A. Western blot expression of ATF-6, GRP78, CHOP, XBP-1 in primary hippocampal neurons after treated with TG, TN alone or with PBA. B. The optical density analysis of ATF-6, GRP78. C. The optical density analysis of CHOP, XBP-1. D. The expression of p-JNK, p-IκB and NF-κB (p65) in primary hippocampal neurons after treated with TG, TN alone or with PBA. (E-F). The optical density of p-JNK, NF-κB and p-IκB. Data were presented as mean ± SD (n = 8). *P < 0.05, **P < 0.01, ***P < 0.001 versus the sham group, #P < 0.05, ##P < 0.01 versus the TG, TN treatment group.

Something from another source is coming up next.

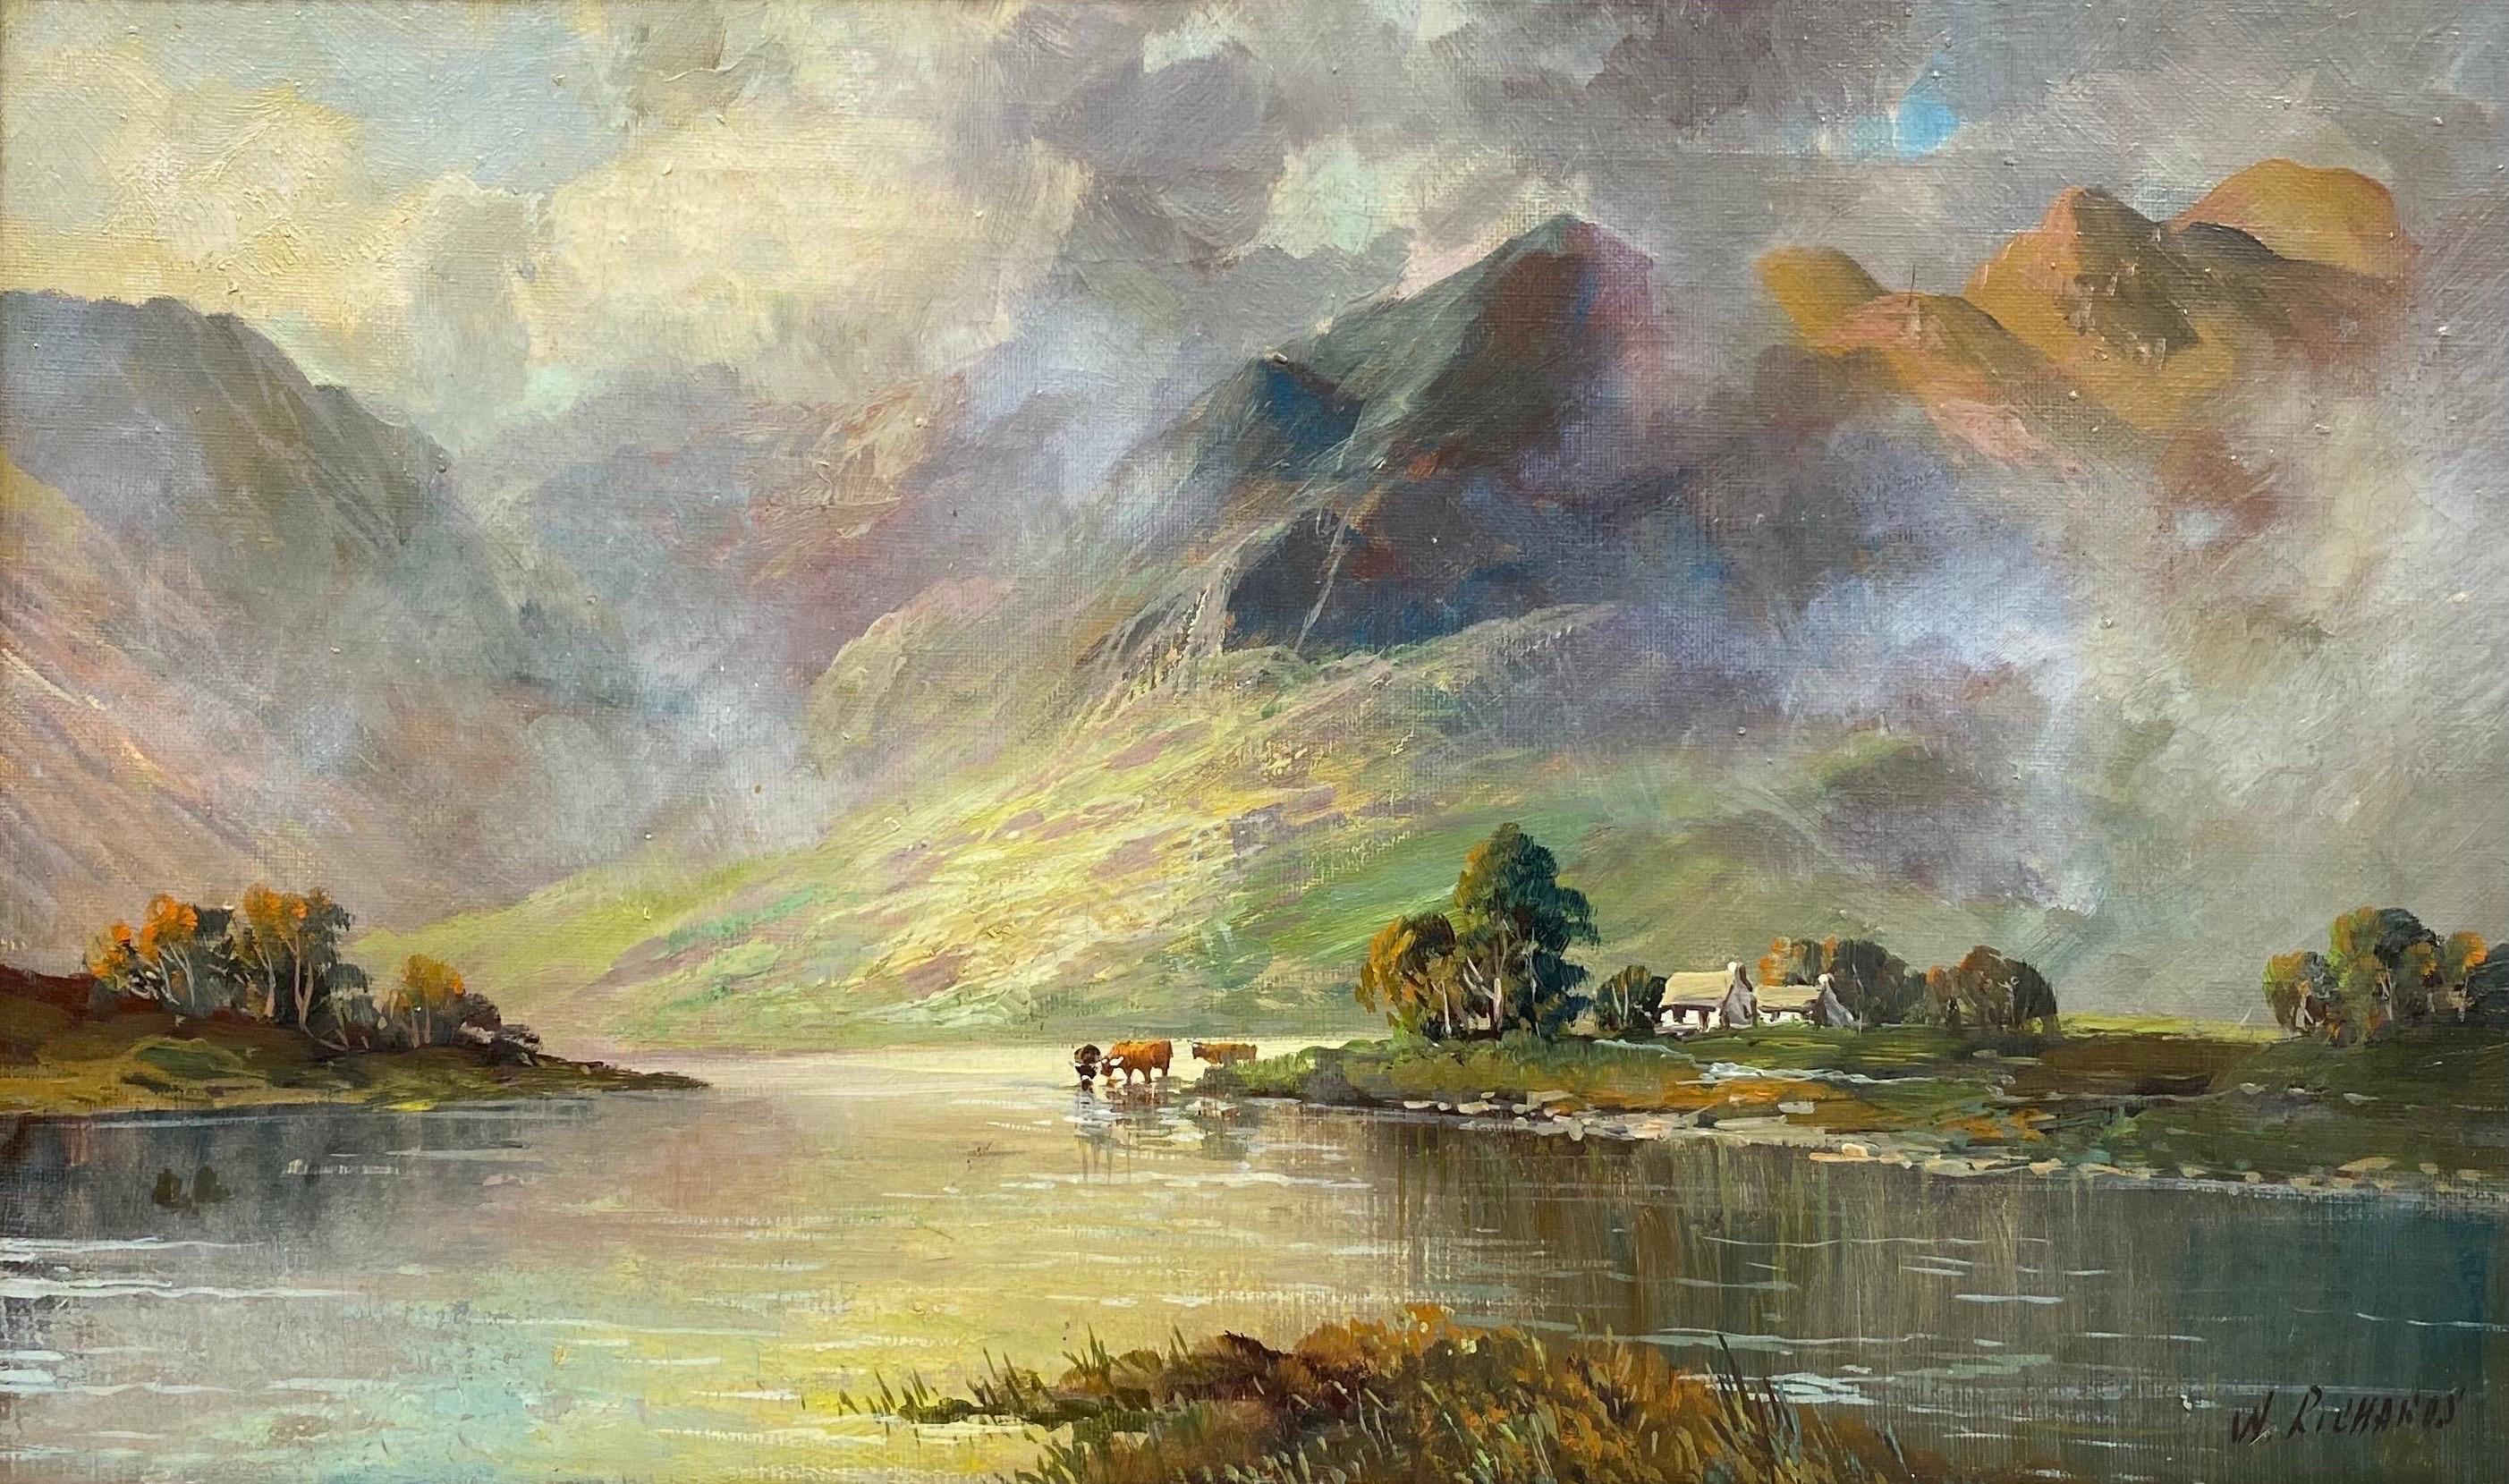 Francis E. Jamieson Figurative Painting - Antique Scottish Highlands Oil Painting Glen Shiel Cattle Watering Loch

Figure 7. PBA administration protected chronic T2D from cognitive deficits which is associated with the neural cells apoptosis via inhibited the ER stress and inflammatory response

A. The effect of PBA on the performance of spatial memory acquisition phase in T2D rats. B. The mean percentage of time spent in the target quadrant, in which the platform had previously been located during acquisition. C. Protein extracts prepared from hippocampi were subjected to immunoblotting to determine the expression of caspase-12, ATF-6, GRP78, CHOP, p-Perk and XBP-1 in the CON, T2D rats or T2D rats treated with PBA groups. D. Total proteins extracted from hippocampal region were subjected to western blot analysis for the determination of activated caspase-3. E. Western blot analysis to determine the expression of p-IκB, IκBα, TNFα, and IL-6 in the hippocampal CA1 region. The column figures show the normalized optical density from the data more than 3 independent experiments. Data were presented as mean ± SD (n = 16). *P < 0.05, **P < 0.01, ***P < 0.001 versus the CON group, #P < 0.05, ##P < 0.01 versus the T2D rats group.

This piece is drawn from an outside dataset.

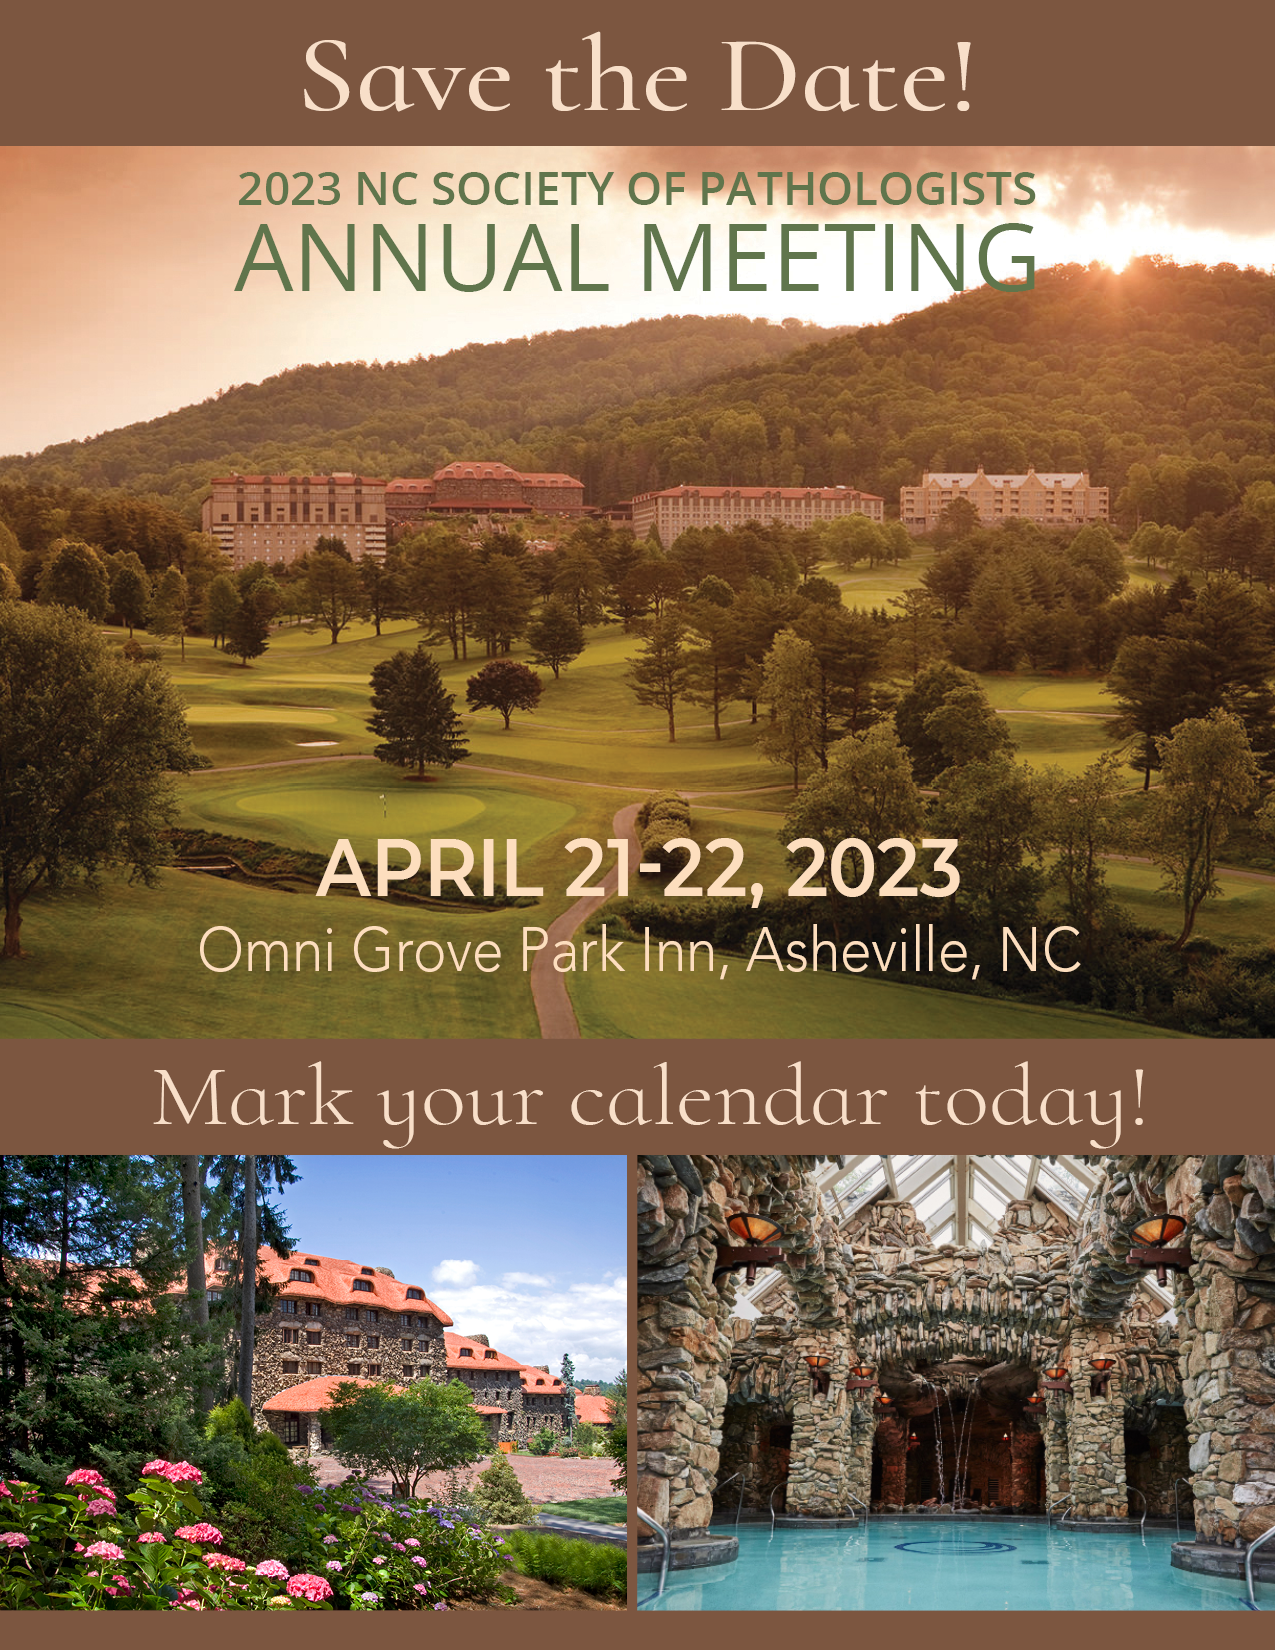 Save the date for the 2023 NCSP Annual Meeting - April 21-22

Figure 8. PBA administration protects the neural cells in the CA1 region of the T2D rats, and inhibits the expressions of CHOP and p-JNK protein

A. Immunohistochemistry analysis for CHOP. B. Analysis of the optical density of CHOP in the hippocampal CA1 area. C.-D. The results of Nissl staining for the CON, T2D and T2D treated with PBA groups. E. Immunohistochemistry analysis for p-JNK. F. Analysis of the optical density of p-JNK protein in the hippocampal CA1 area. G. A schematic diagram depicting the potential molecular mechanisms underlying HG-induced cell death and PBA protection via alleviating ER stress and NF-κB activation. Data were presented as mean ± SD (n = 8). *P < 0.05, **P < 0.01 versus the CON group, #P < 0.05 versus the T2D group.